Cueto emphasized the need to understand women’s complex daily realities: “I wake up, I take my child to school, I buy lunch, but I also do my house chores, but I was also working, but I also gave employment... Everything women do should be incorporated in the tech and digital lives.”

The discussion highlighted how existing informal finance mechanisms like tandas, which are rotating savings clubs, are predominantly managed by women, suggesting that recognizing and strengthening these existing systems might be more effective than imposing new technologies.

Beyond Regulatory Sandboxes

The panel revealed a tension between Mexico’s ambitious fintech law, that was intended to make the country a Latin American fintech hub, and the reality of grassroots innovation. As Cueto noted, despite Mexico having the second highest number of fintechs in Latin America, “we haven’t been successful being a hub.”

The panelists suggested the problem lies in treating regulation as the primary driver of innovation rather than recognizing existing community practices. Huerta Velázquez argued for expanding the definition of financial services beyond traditional banking: “We have to expand this field of financial services and financial inclusion because this can be done through local organization.”

An audience member highlighted Mexico’s underutilized success story: CoDi, the QR-code payment system launched in 2004 and recognized internationally, yet still underadopted compared to Brazil's Pix. The difference, according to the panelists? Brazil mandated adoption while Mexico left it to bank discretion, a cautionary tale about the limits of voluntary adoption.

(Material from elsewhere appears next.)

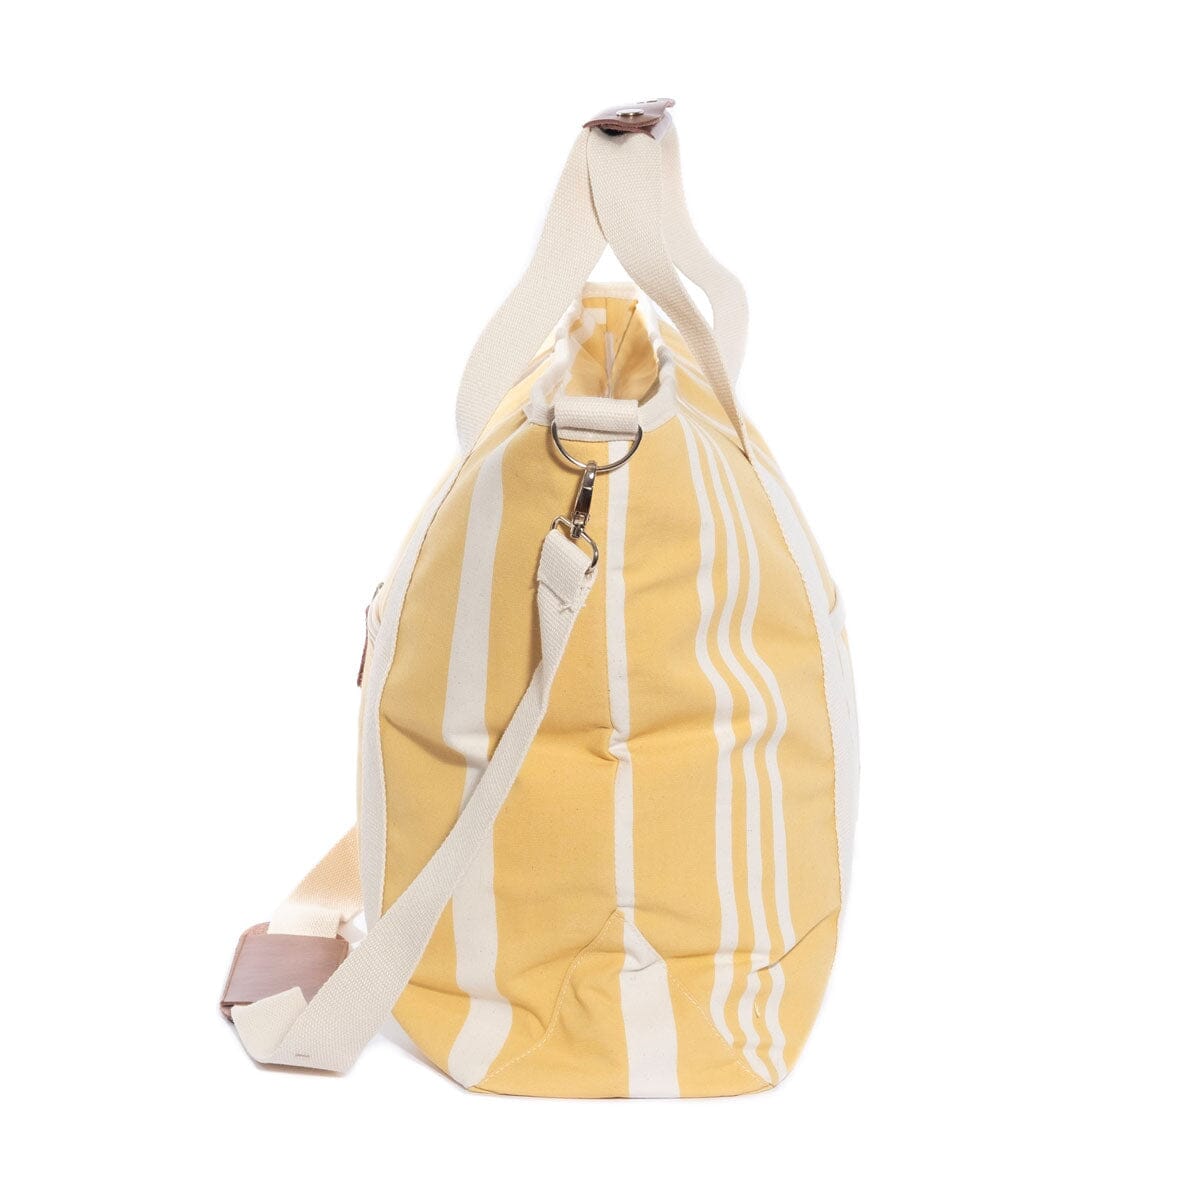 The Cooler Tote Bag - Vintage Yellow Stripe Cooler Tote Business & Pleasure Co

Implications for Global Development

The Mexican experiments presented in this panel challenge several orthodoxies in financial inclusion:

  • Technology isn't neutral: Every digital system embeds assumptions about users’ lives, capabilities, and resources. Systems designed for urban, educated users will inevitably exclude others.
  • Ownership matters more than access: Community-controlled infrastructure creates different incentive structures than corporate-provided services, keeping value local rather than extractive.
  • Trust precedes adoption: Without addressing negative past experiences with digital services, new technologies will face resistance regardless of their technical merits.
  • Informal systems are sophisticated: Rather than replacing community finance mechanisms, technology should strengthen and scale existing practices.
  • Government’s role is evolving: From direct service provider to platform enabler, public institutions must reimagine their function in digital ecosystems.

As Mexico continues these experiments, questions remain unanswered. Can community-owned telecommunications networks provide sustainable alternatives to corporate infrastructure? Can blockchain enable local investment without financialization? Can government banks become genuine platforms for inclusion rather than just another service provider?

The preliminary answers emerging from Mexico’s diverse innovators suggest that financial inclusion requires not just extending existing systems to new users, but fundamentally reimagining who owns, operates, and benefits from financial infrastructure. As Huerta Velázquez concluded, these models allow communities to “distribute wealth” rather than concentrate it, a proposition that may prove essential for genuine financial inclusion.